Наконец, с демократическими принципами окончательно покончено. Неистовый «злобный» приступает к самостоятельному выбору желающей выступить жертвы. Он некоторое время, еще, видимо, тая призрачную надежду, нервными шажками, обиженно сопя, расхаживает по аудитории. Долгое время очень угрожающе молчит. Затем, наконец, окончательно теряет терпение: «А на этот вопрос нам ответит…». И искательно так, по-мушкетерски водит по аудитории указкой. Головы военных окончательно проваливаются внутрь осанки, болезненно соприкасаясь с неждавшими шершавых гостей внутренними органами. А садюга опять за свое, побегает-побегает и: «На этот вопрос нам ответит…». Долговременное противоестественное положение военных голов становится угрожающим. Еще совсем чуть-чуть и состояние может приобрести необратимый характер. А это просто катастрофа для военного. Как, интересно, он будет, к примеру, принимать пищу, если голова его в таком вот проваленном состоянии, как будет чести лишаться, к чему, например, будет прикладывать во время этого акта правую руку или же чем при этом демонстрировать бодливо-приветственные движения?
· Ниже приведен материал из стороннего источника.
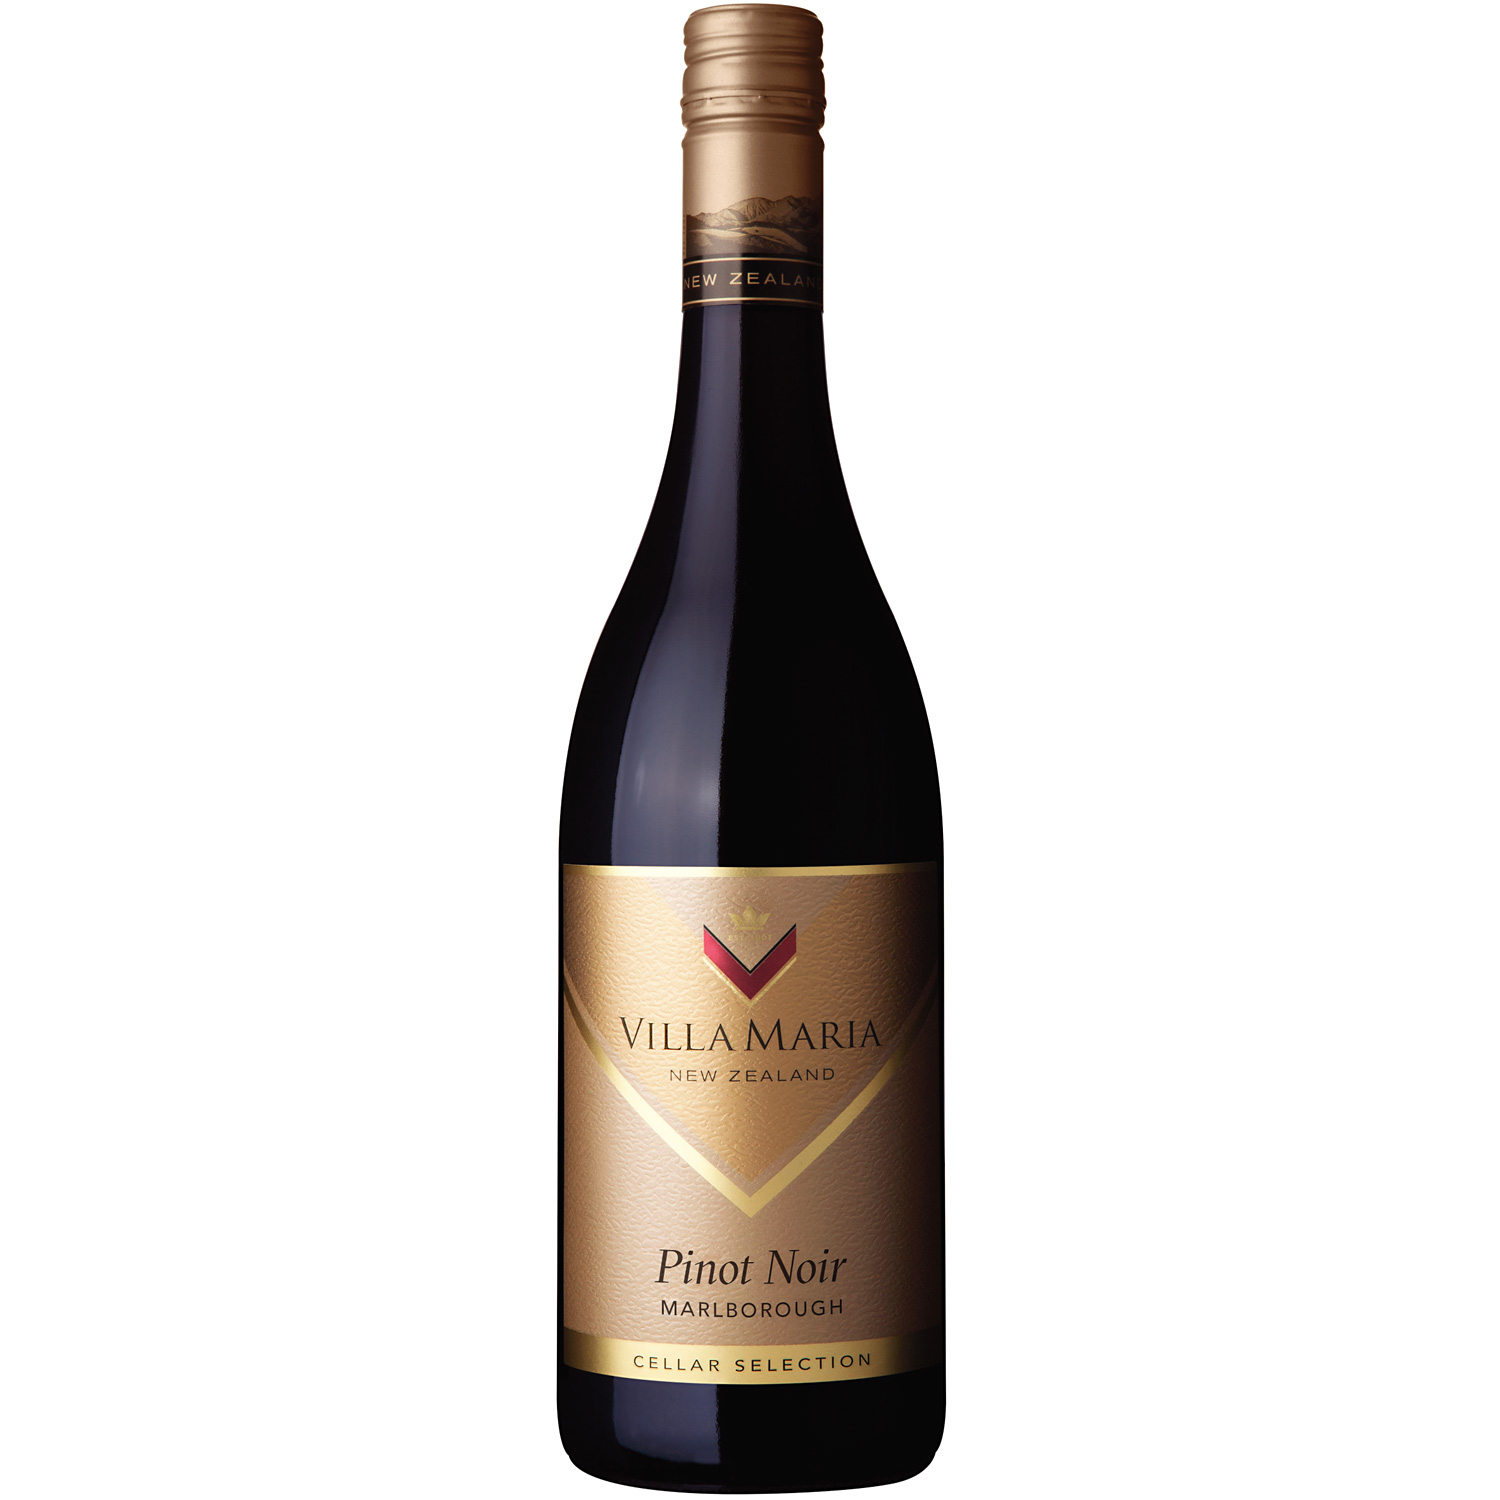 Neuseeländischer Rotwein Villa Maria Cellar Selection Pinot Noir Marlborough  2018 | Vinum Nobile

Наконец, звенящая, готовая взорваться от ничтожнейшей подвижки спертого воздуха тишина с апокалипсическим треском лопается: «Военный Минин!!!» И резкий выпад указкой в сторону жертвы. По всем правилам фехтовального искусства выпад. Одна рука за спиной, вторая в яростном выпаде укола, сопровождаемом широким скользящим движением нижней конечности.
Голова жертвы, сопровождаемая сначала звонким звуком: «Чпок!», а затем и утробными звуками вырывающихся при метеоризме газов, с шумом лишается контакта с внутренними органами и, слегка повлажневшая и раскрасневшаяся, возвращается на привычное место. Аналогичным образом, освобожденно и вразнобой выплевываются головы остальных обучаемых военных. Тем временем осанка избранной жертвы судорожно выпрямляется в полный рост, веки глаз некоторое время испуганно и шумно соприкасаются друг с другом и активизируют речевой акустический аппарат жертвенного военного. Аппарат натужно мычит, мычание периодически срывается на блеяние из-за досадных сбоев в подсистемах, отвечающих за чистоту звучания. Наконец, прорывается членораздельное: «Военный Минин ответ закончил!».
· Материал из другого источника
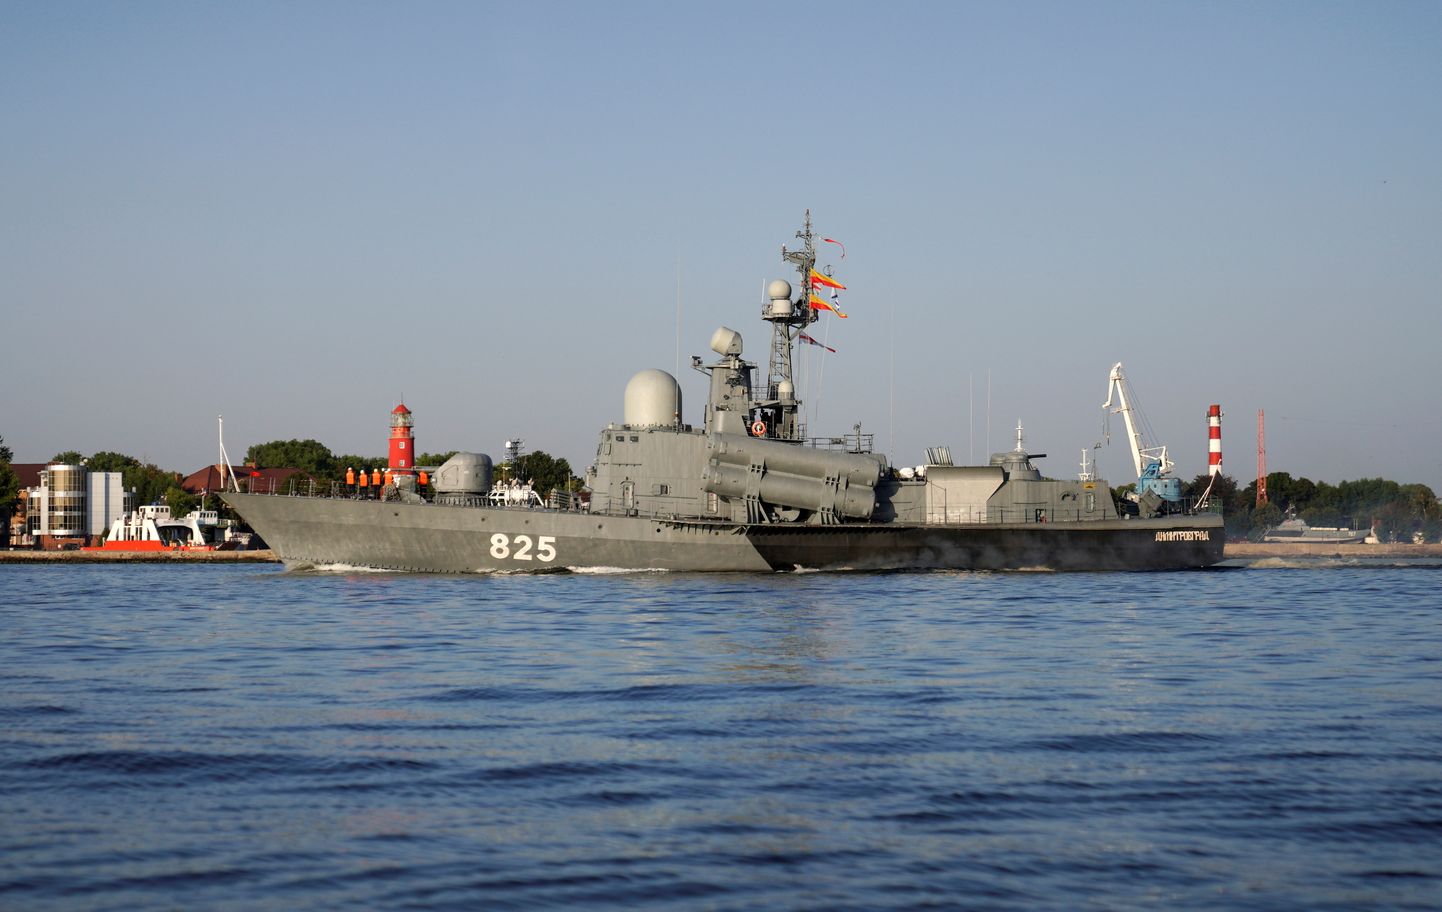 Vene sõjalaev Dimitrovgrad osalemas Venemaa mereväe Balti laevastiku poolt korraldatud mereväeõppustel Zapad-2021 9. septembril 2021. aastal.

Абсолютно любой сложности фразу, содержащую суть какого-либо доклада, каждый уважающий себя военный может четко и весело произнести, находясь в любом состоянии и вне зависимости от степени стрессовости окружающей его обстановки. Даже находясь в центре ядерного взрыва он сначала грамотно упадет, пропуская ударную волну над собой. А затем встанет, тщательно отряхнет с себя радиоактивную пыль и четко по всей форме доложит, если это кому-то в центре взрыва еще потребуется: «Военный такой-то дезактивацию закончил!», затем четко повернется и пойдет в спасительную даль, подальше, так сказать, от неуютного эпицентра.